The Art Factory teaches local marginalised and vulnerable youth performance skills such as juggling and acrobatics and combines this with a strategic focus on building the life skills and confidence of the youth. The Art Factory functions as a year-round project in Makhanda.

As part of the ArtsReach Programme the National Arts Festival takes the arts to hospitals, clinics, old age homes and rural areas. A number of artists on the Fringe volunteer their performances for the ArtsReach programme during the NAF.

The Arts Encounter Project distributes a number of tickets to indigent individuals to enable them to enjoy productions from the NAF's main and fringe programmes.

== Staff ==

The National Arts Festival has a small permanent staff comprising around 10 full-time staff members. Nobesuthu Rayi is the Executive Producer and Rucera Seethal the artistic director.

Former radio presenter and sponsorship manager Tony Lankester served as CEO for over a decade, stepping down in 2019 to take up a position in the UK. During Lankester's tenure, respected arts administrator Ismail Mahomed served as artistic director until 2016. Mahomed was responsible for overseeing the curation of the NAF's artistic content. He was replaced by playwright and arts administrator Ashraf Johaardien, who left at the end of 2018.

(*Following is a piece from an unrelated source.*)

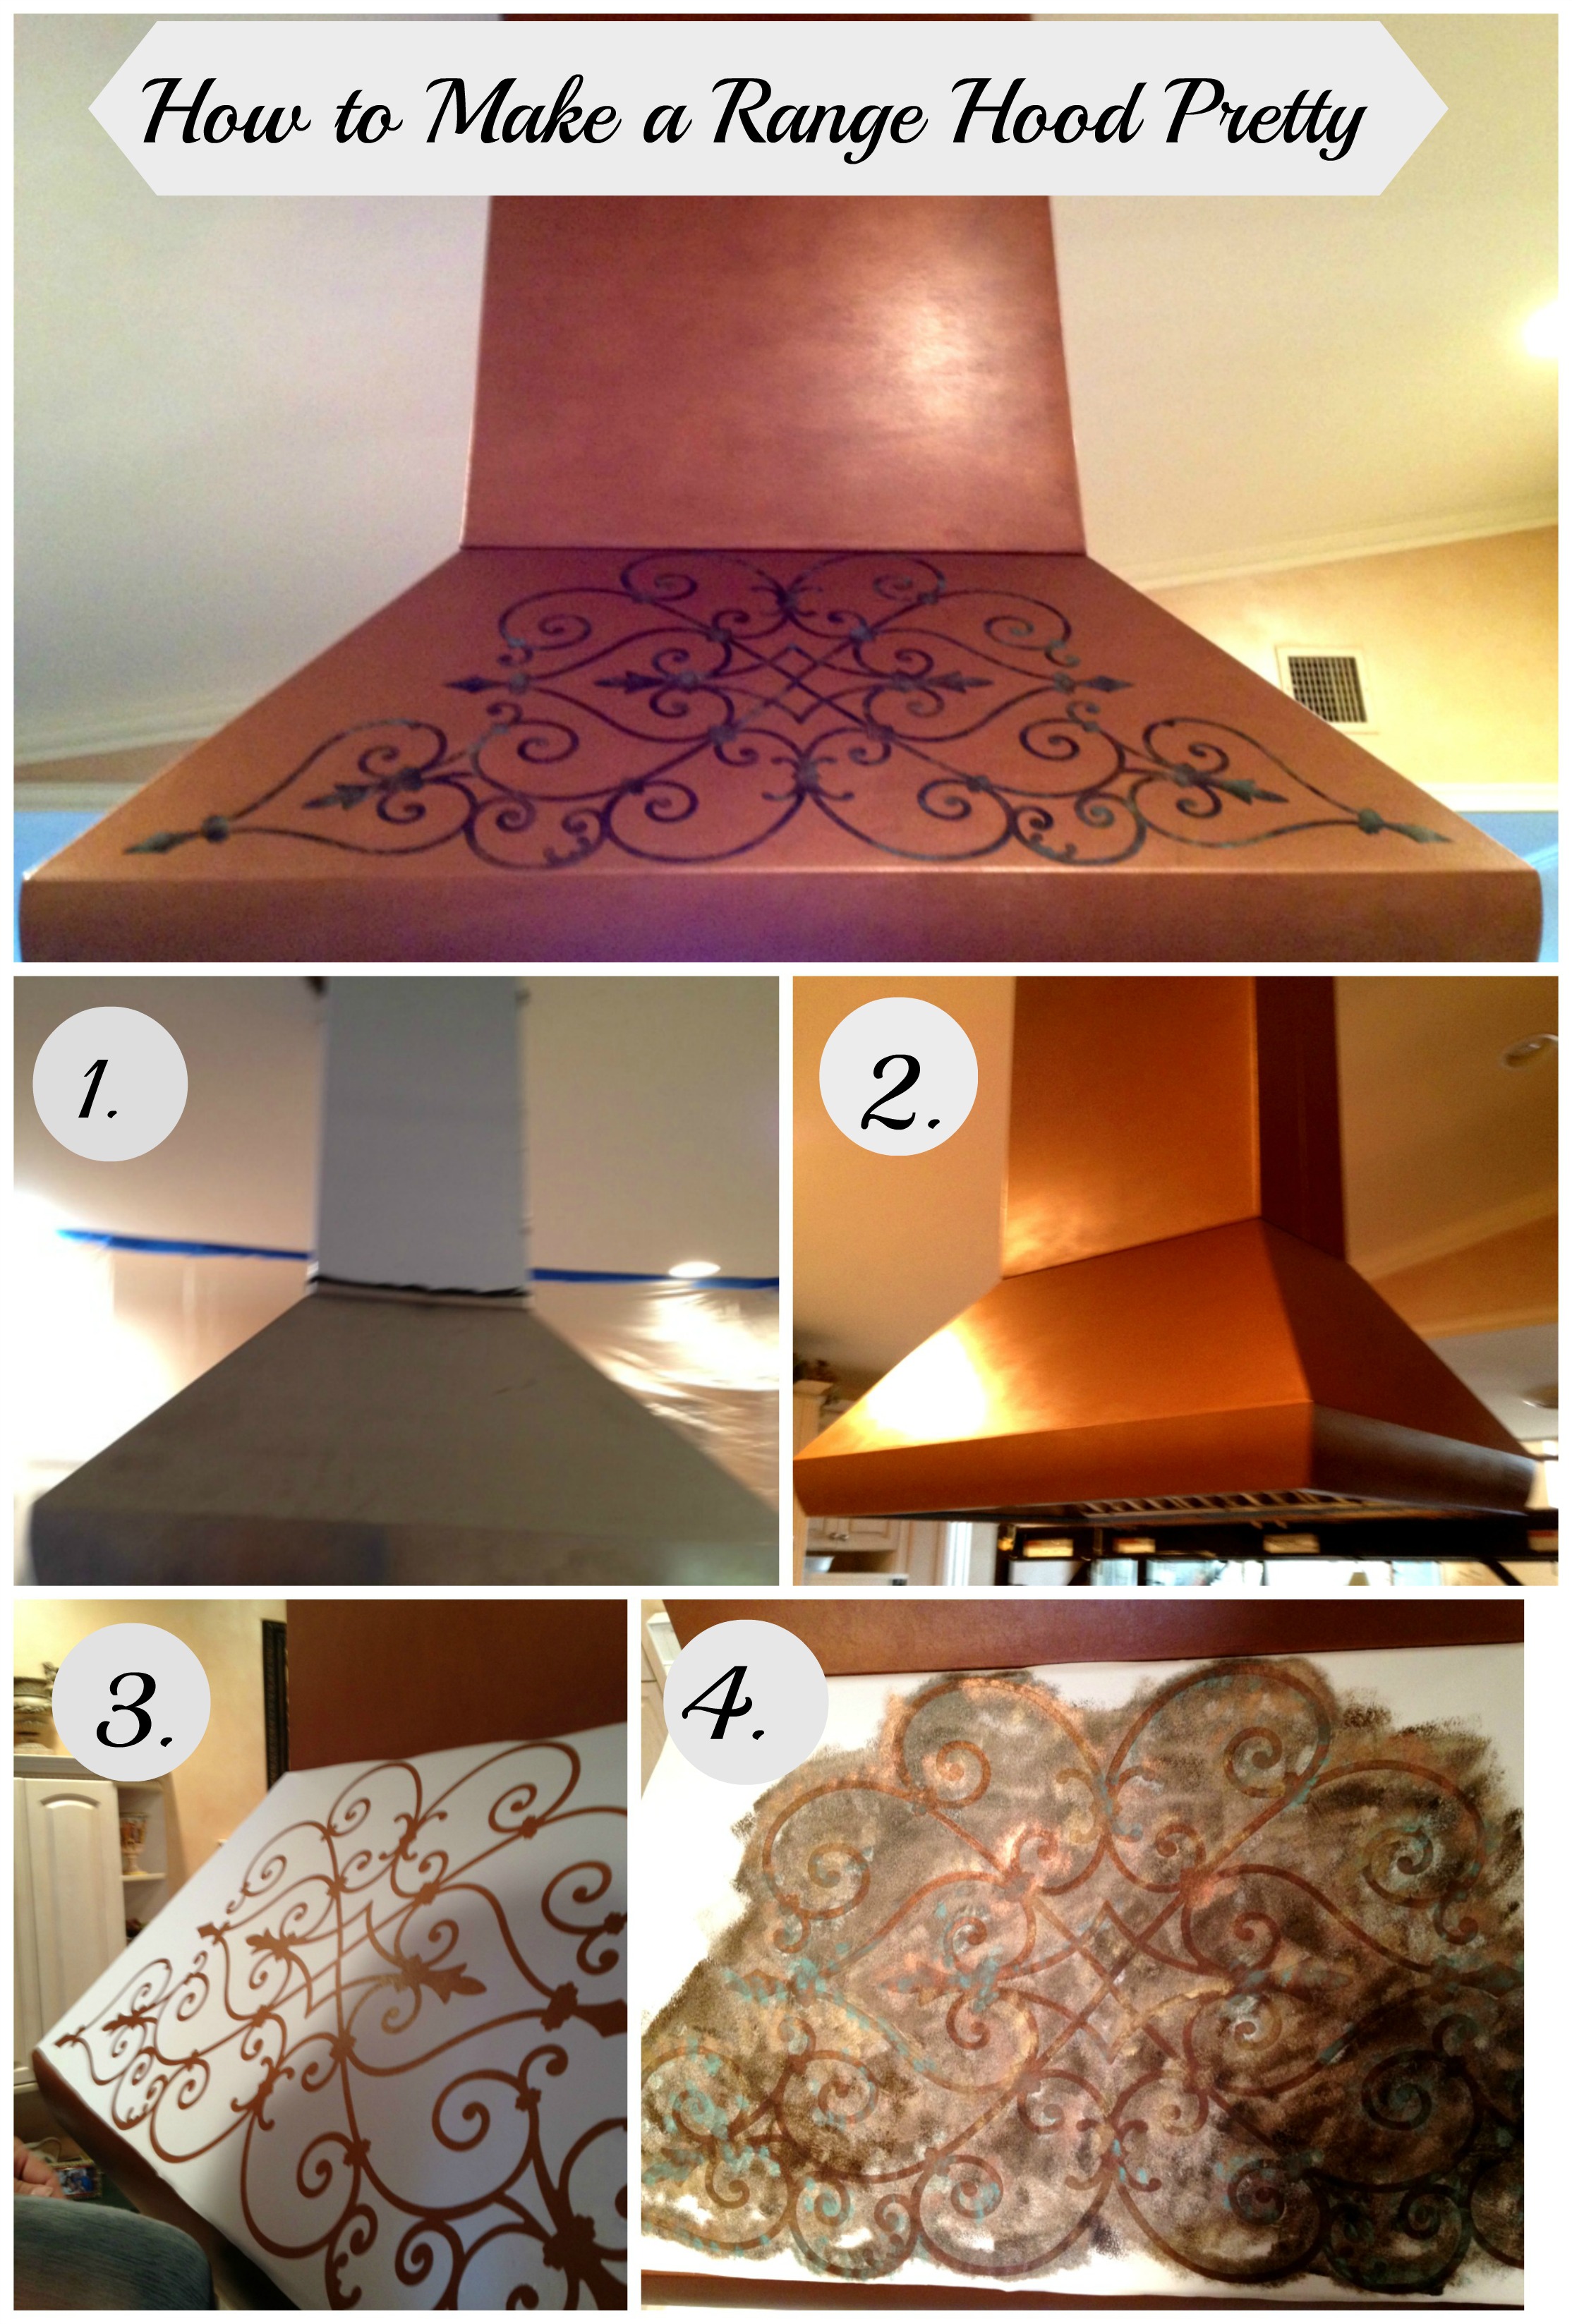 How to make a commercial range hood pretty

During the Festival, the staff complement grows to around 400, including technical staff, largely drawn from the local community of Makhanda.

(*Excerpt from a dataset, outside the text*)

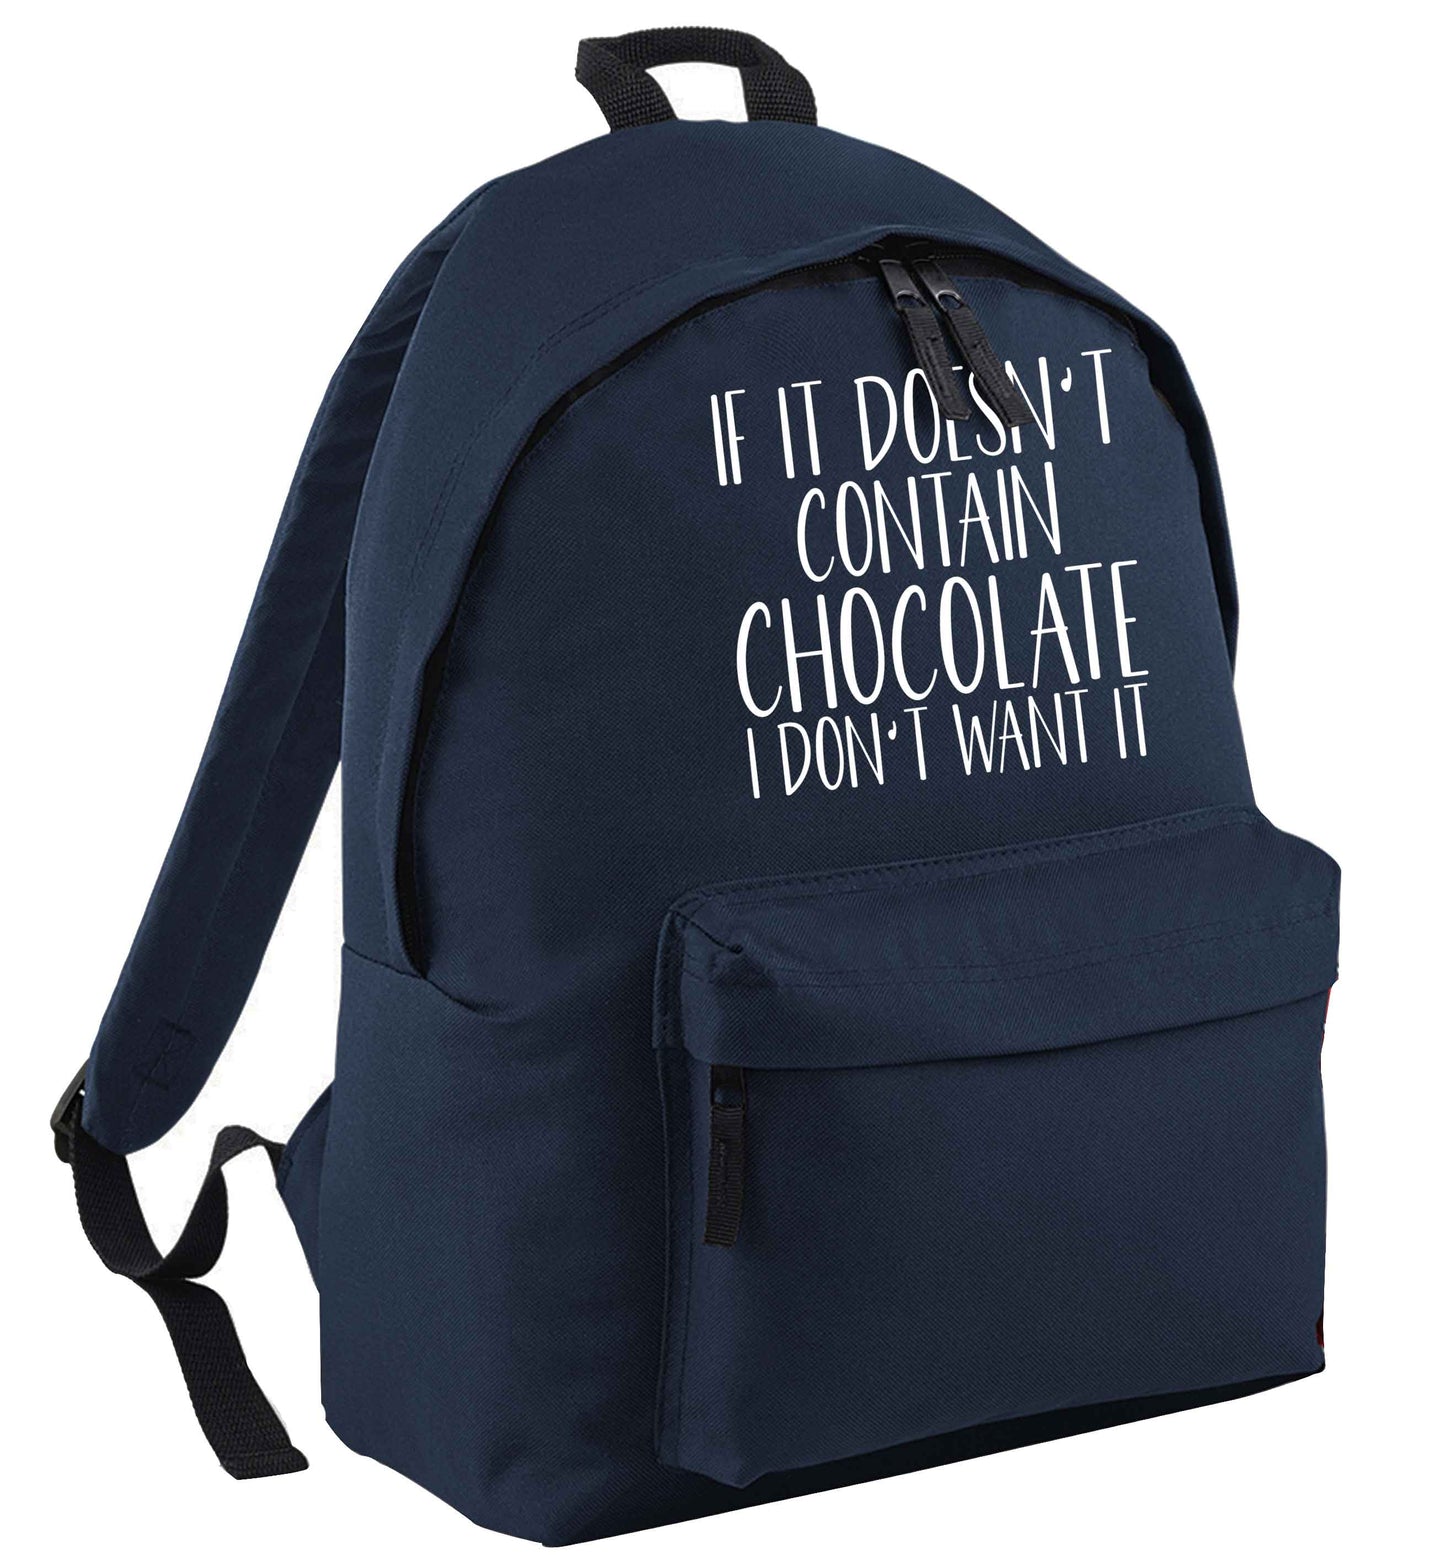 If it doesn't contain chocolate I don't want it navy adults backpack

== International partnerships ==

The National Arts Festival is a member of the World Fringe Alliance, a grouping of 10 Fringe Festivals from different countries. It is also a member of the African Festival Network (AFRIFESTNET). CEO Tony Lankester is chairman and Treasurer of the two organisations respectively. The NAF embarks on numerous partnerships with foreign embassies and presenting institutions, staging several high-profile international works each year.